Fortunately, only long time averages of covariates are likely to be
of importance for the considered endpoints. But potential
confounding problem remains.
Problem 4: missing data, confounding…
• Genetic factors are potential confounders in causal
questions. If the relevant genotype information is known
and its role has been properly accounted for in the
statistical model, this problem can be dealt with by
proper conditioning on such information.
• But what to do when a majority of the cohort members,
as in MORGAM, have not been genotyped?
• Usual solution: restrict the analysis only to those
individuals who have been genotyped. But then the
relevant follow-up and covariate information that exists
on the other cohort members will not be used in the
analysis at all.
Problem 4: missing data, confounding…
• Treat also problem 4 as a missing data problem,
considering a probability model for the missing
genotypes and applying "full likelihood” and Bayesian
inference (Kulathinal and Arjas 2006, cf. Scheike and
Martinussen 2004). This solution involves considering
the unknown genotypes in a distributional form.

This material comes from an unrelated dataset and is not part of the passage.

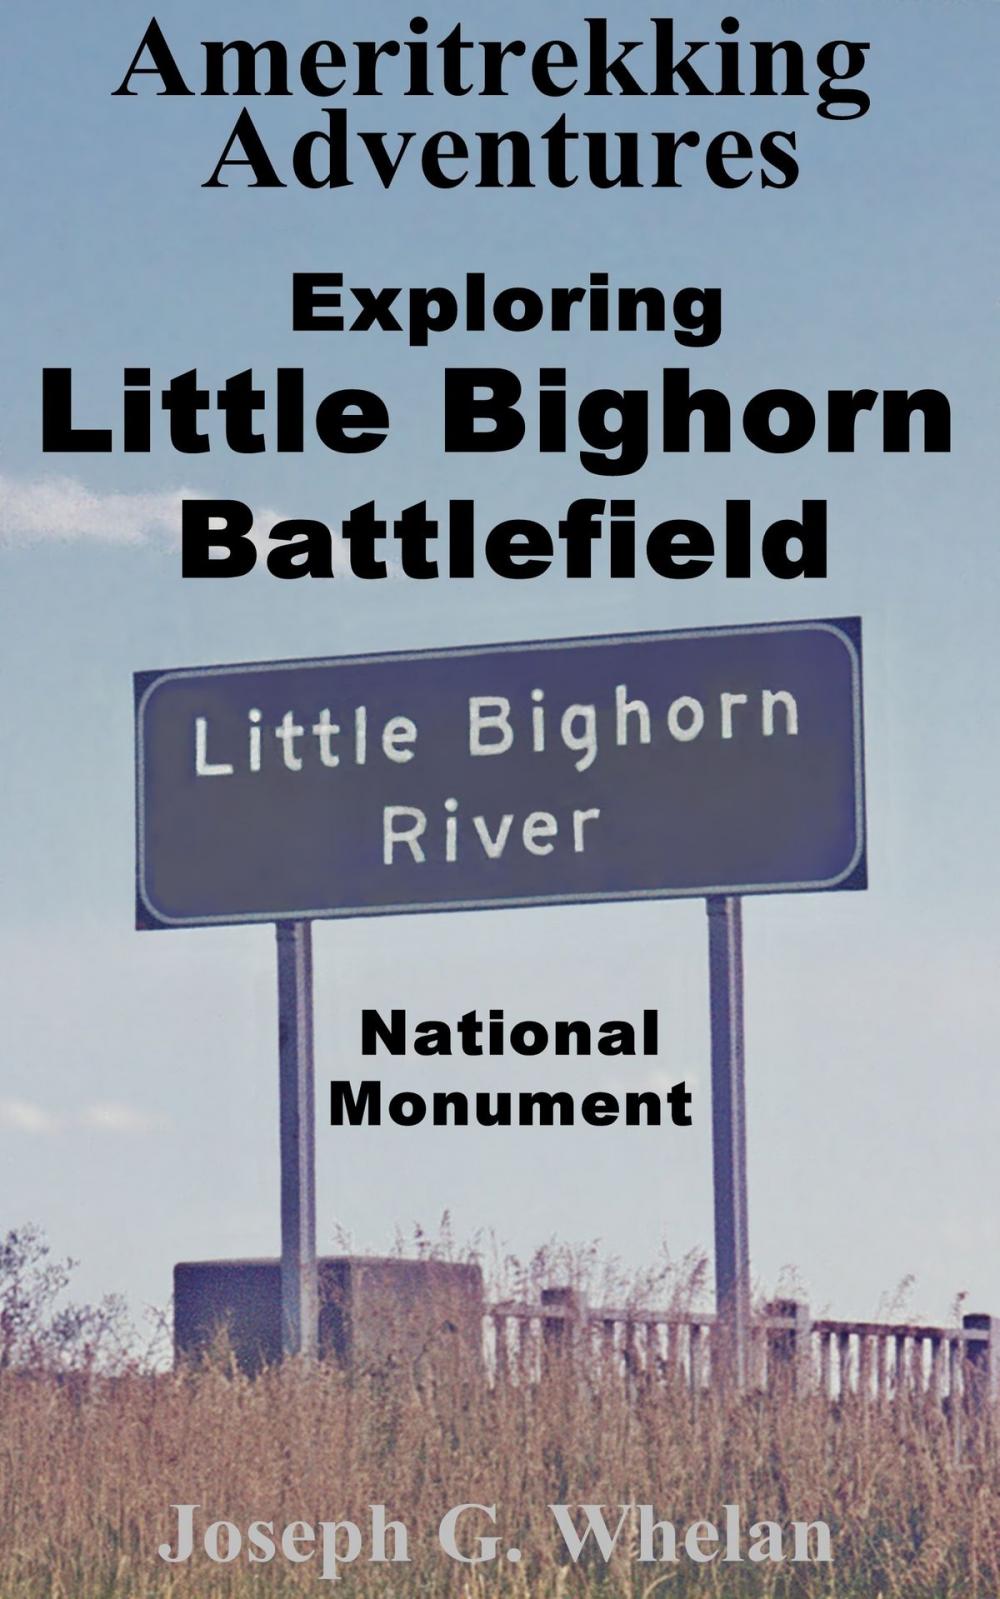 Big bigCover of Ameritrekking Adventures: Exploring Little Bighorn Battlefield National Monument

• Note, however, that a person's genotype, the measured
risk factors and phenotype (time to event and event type)
may all be statistically dependent of each other.

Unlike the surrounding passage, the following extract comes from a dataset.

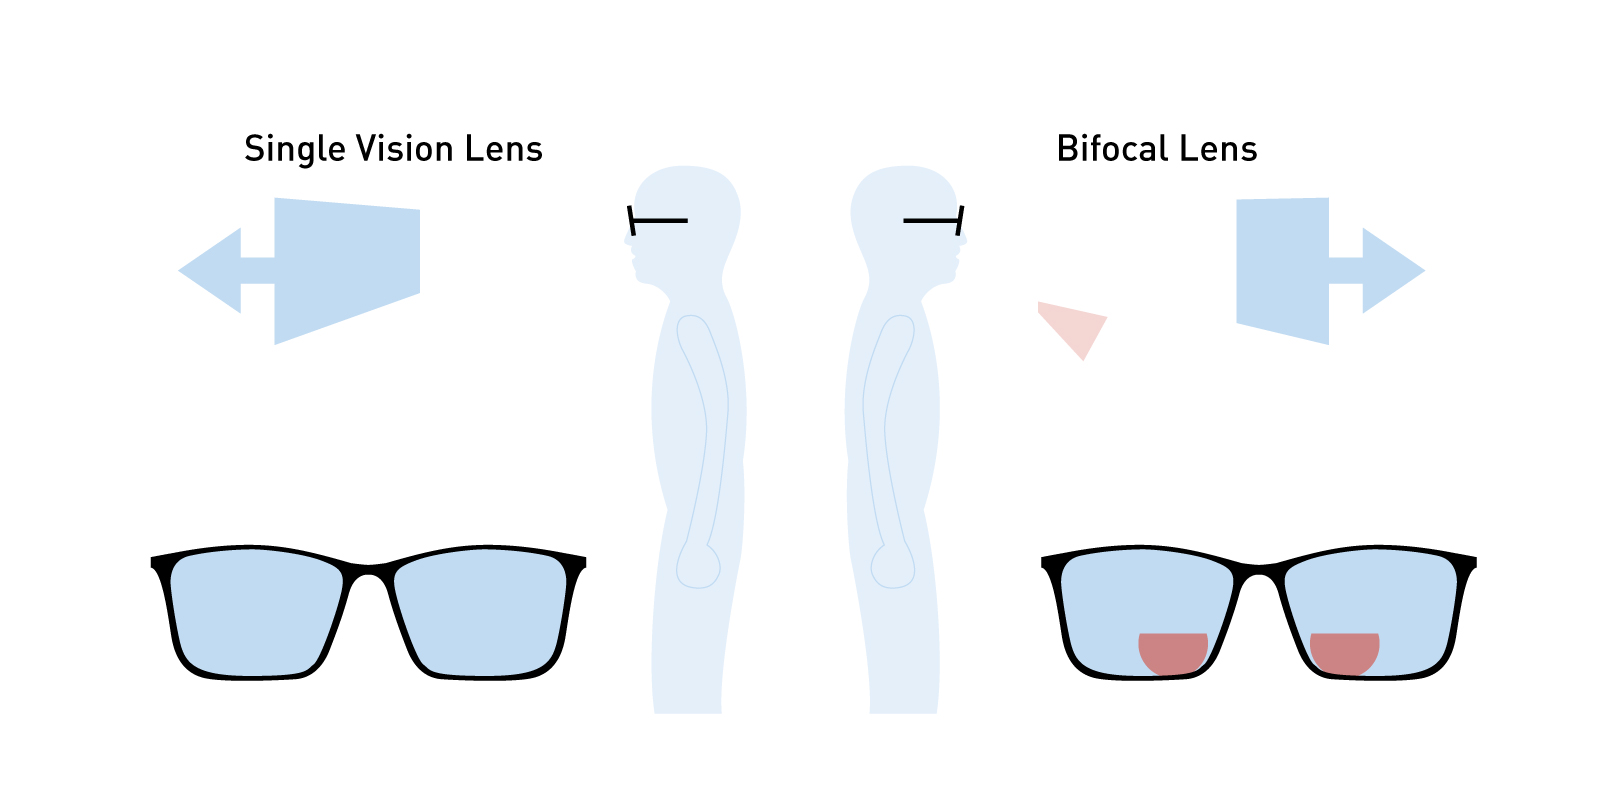 i-bifocal lens

Therefore the likelihood contribution from an individual
who has not been genotyped involves an integration with
respect to a (conditional) genotype distribution (which is
generally different for different individuals).
Problem 4: missing data, confounding…
• In general, and depending on the information
available, one can consider different levels of
conditioning in the predictive probabilities
p(y*|data, attrib*, hist*, do(exposure*’)).
• Depending on such a level, the interpretation of
the results from causal analysis will differ, with
more detailed conditioning taking us closer to
“individual causal effect” - which, however, can
never be achieved by a statistical analysis of
data.
Problem 4: missing data, confounding…
• More detailed conditioning is also attractive as a
recipe against potential confounders (“no
unmeasured confounders” postulate).
• Playing with finer level conditioning by using
latent variable modelling can be attractive, but
also risky if there is very little data, noisy data, or
no data at all to support such modelling efforts.
• In essence, such finer level predictive
probabilities are calibrated against data that are
actually observed.
”Take home”-messages:
• Careful consideration of sources of
information is important.
• Interpretation of results is often facilitated
by establishing intuitive links to causal
”what if” ideas (”do”-conditioning).
• Less emphasis on inference (particularly
statistical significance testing) concerning
individual regression coefficients.
”Take home”-messages: (2)
• General modelling approach based on
MPP’s is useful, offering possibilities to
consider conditioning of probabilities on
different levels of information.
• Bayesian approach, and applying MCMC
for numerical computations, provides a
flexible framework for statistical inference,
keeping it within the domain of probability.